The great thing is that I sent my camera along and he captured many great boot camp moments; and with the all the stories from the kid's, I felt like I had been there too.

At dinner, the night they got back, the conversation was filled with non-stop, back to back, over-lapping tales of all that had happened. Everything from:

1. the neighbor throwing up in the car less than one minute from their destination after making it for nearly two hours

2. the drill instructor screaming with spit flying at Parker when he asked for paper towels to clean up the vomit

3. sleeping under the open sky in the high desert-- but being woken up by roosters at 4:30am

4. the extreme obstacle course

5. having their cousins there

6. the push-up contest

7. the mess hall meals

8. the screaming D.I.'s (drill sergeants)

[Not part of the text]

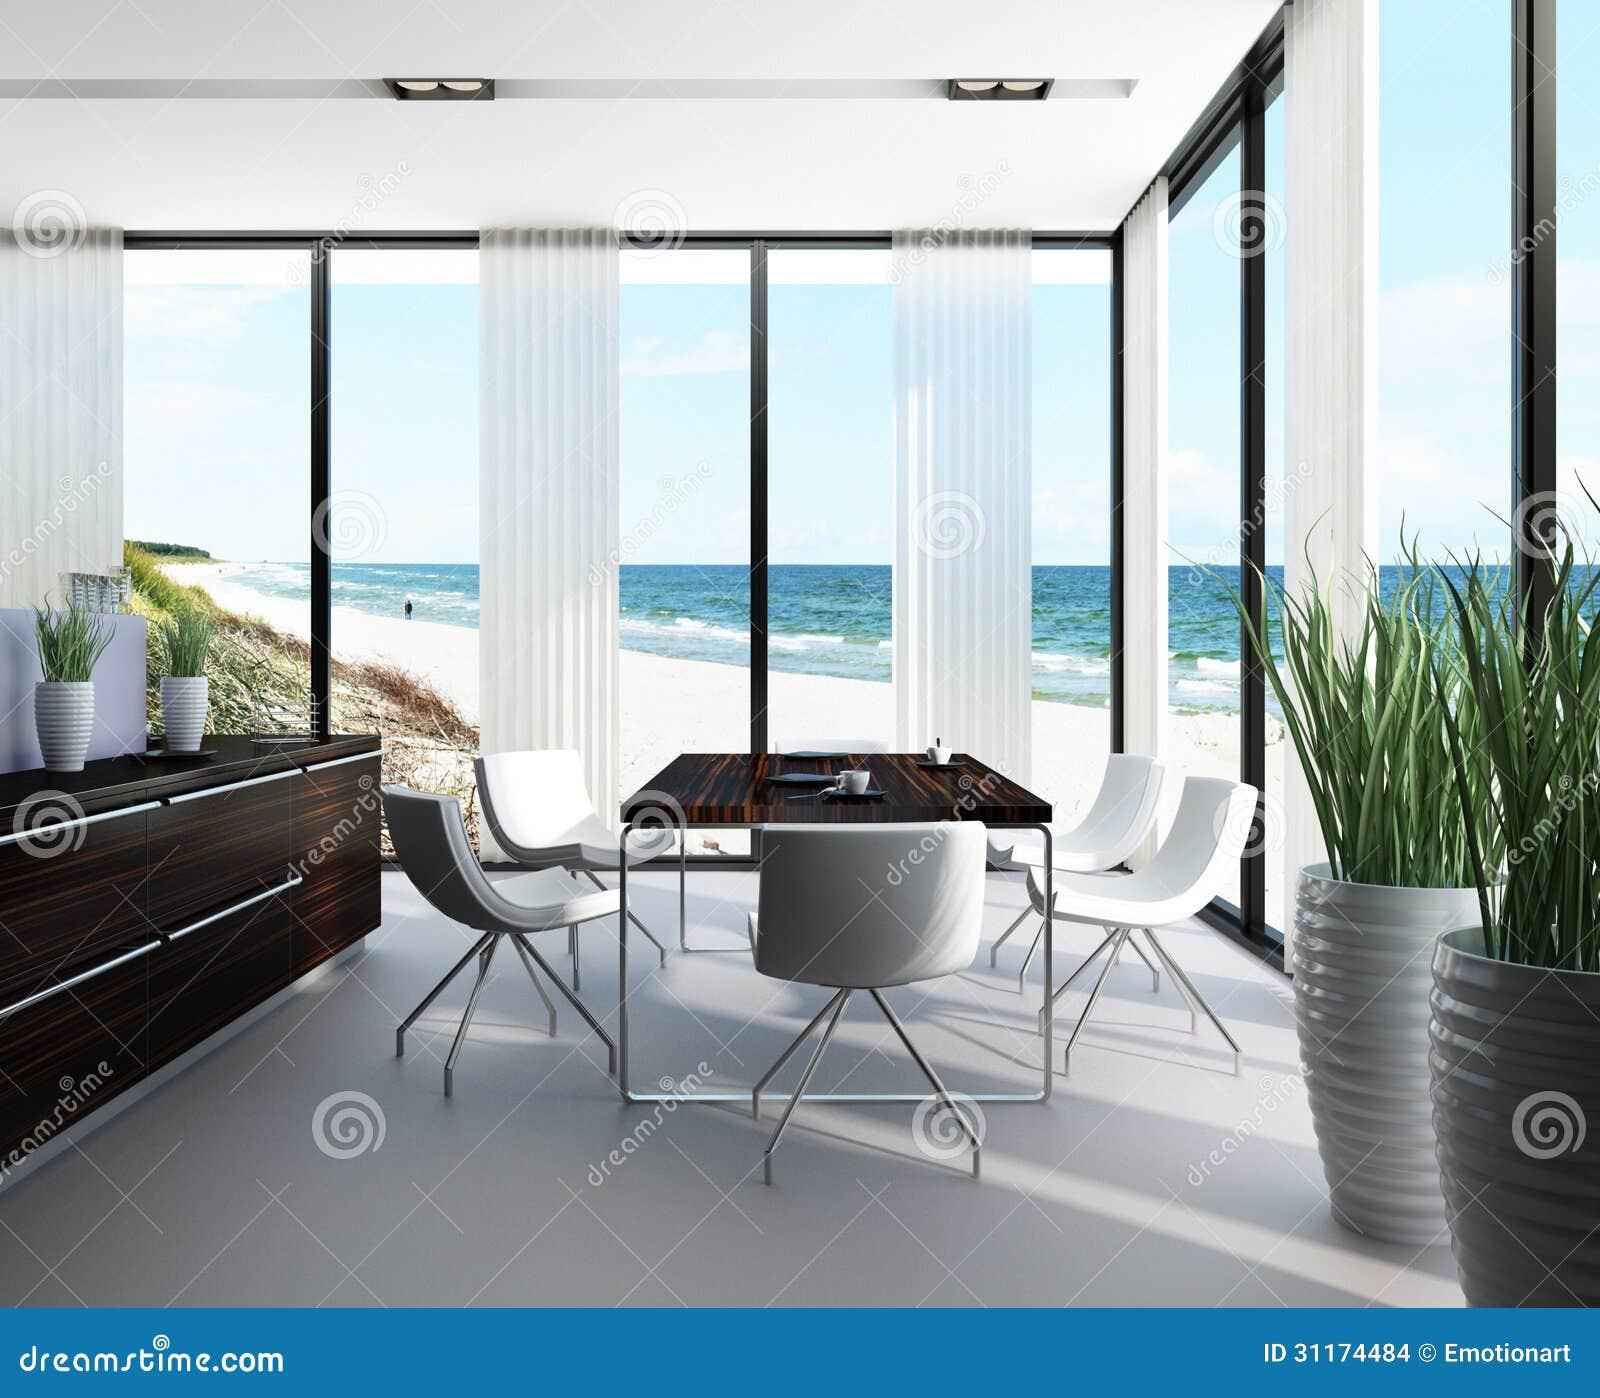 Modernes esszimmer innenarchitektur stock abbildung for Innenarchitektur esszimmer

9. being called rebels, maggots, and cupcakes

10. shooting the automatic airsoft rifle

11. shooting real bows and arrows

12. topping it all off with tackling one of the meanest DI's on the water slide

They had so much fun that they're already talking about going next year. And now the neighbor's younger sister says she wants to go as well.

4 comments:

Anonymous said...

That sounds so cool! I would have liked that when I was a kid!

Shannon said...

That sounds so fun! I've never heard of Bible Boot Camp before. Is it like DVBS?

jmckemie said...

Can you explain some more about the camp? My kids went and now grandkids go to Bible camp every summer but no one ever screams and yelled at them. Sounds like they had lots of fun mixed in but just wondering about the thought process behind the hows and whys of this particular experience. I hope this does not sound judgmental because that it not my intention at all, especially since they enjoyed it overall. But, is there something specific that treating the kids like they are adults actually in military boot camp teaching them that my kids and grandkids are not learning somehow by a different approach? Just seems like there would have to be a tremendous amount of super fun things to balance this all out if the kids were so excited. That first picture actually looks painful for him - not enjoyable. Frankly, if someone yelled about asking for paper towels because I was trying to be helpful and clean up from someone who was sick, I would use that as an example to commend them for their servant spirit but also to teach my grandkids that some people are just mean spirited, rude and let their temper get out of control all you can do is pray for them. :) Just wondering what I am missing that I might want to check out. I really am interested in learning more about it.

Andrea Lisk said...

I agree with jmckemie... not judgemental but genuinely curious!